The cottage was silent, and it the gray half light he could barely make out his hands in front of him
He heard the floorboards on the landing outside his room creak as some one walked down the hall. Harry swung himself out of bed and carefully put his feet on the floor
It took him five minutes of agonizingly slow movement to cross the tiny room mapping out each and every creak in the floor. Finally he made it to the door and cracked it open ever so slightly. The landing outside his room was abandoned. Who ever it had been walking past his room was now gone
Harry frowned and stepped out onto the landing, the board beneath his food creaking almost the instant he put any weight on it. Harry stilled, listening for any signs of movement from either of the other rooms. He let out a quiet breath and then with the same agonizing slowness that he had used to cross his bedroom to make his way down the stairs into the safety of the kitchen's stone floor.
4:54 the red digital screen on the old gas stove blinked as Harry entered the kitchen. He had gone to bed awfully early, and his body was used to wakening up at ridiculously early times.

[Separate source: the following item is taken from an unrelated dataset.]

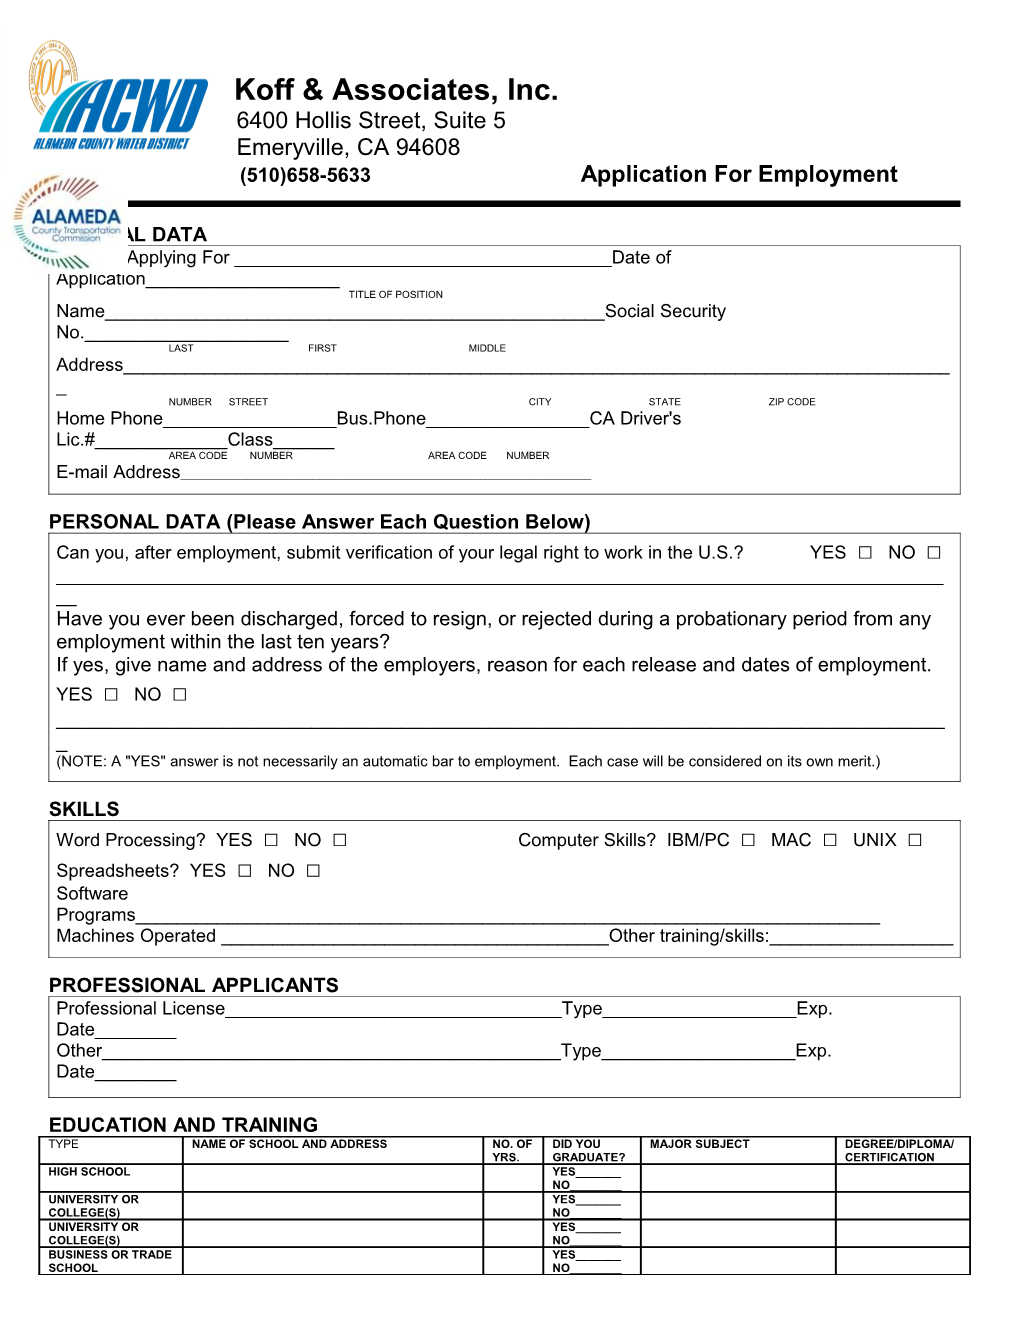 (510)658-5633 Application for Employment

"Do you intend to make breakfast Mr. Potter?" said a voice over his left shoulder, Harry turned quickly to find Mrs. Adler smirking at him wearing a threadbare bathrobe over a cotton nightgown, both of which were black. She had appeared behind him with out even making a sound just like the first time he had met him at the train station. " Or are you going to run away again?"
"Do you want me to?" Harry snapped. " Make breakfast, I mean" He flushed angrily.
"Not particularly. I'm fussy enough about food."
Mrs. Adler sounded bored and more than a little tired. Her hair looked worse than ever in the dim light. She yawned.
Harry glared.
Mrs. Adler yawned again. "Do you still intend to help me with my work?" She asked.
"It's not like there is anything else to do!"
"Well then I suggest you get some more sleep" She turned around on her heel, her bathrobe billowing around her and returned upstairs leaving Harry standing alone in the middle of the kitchen.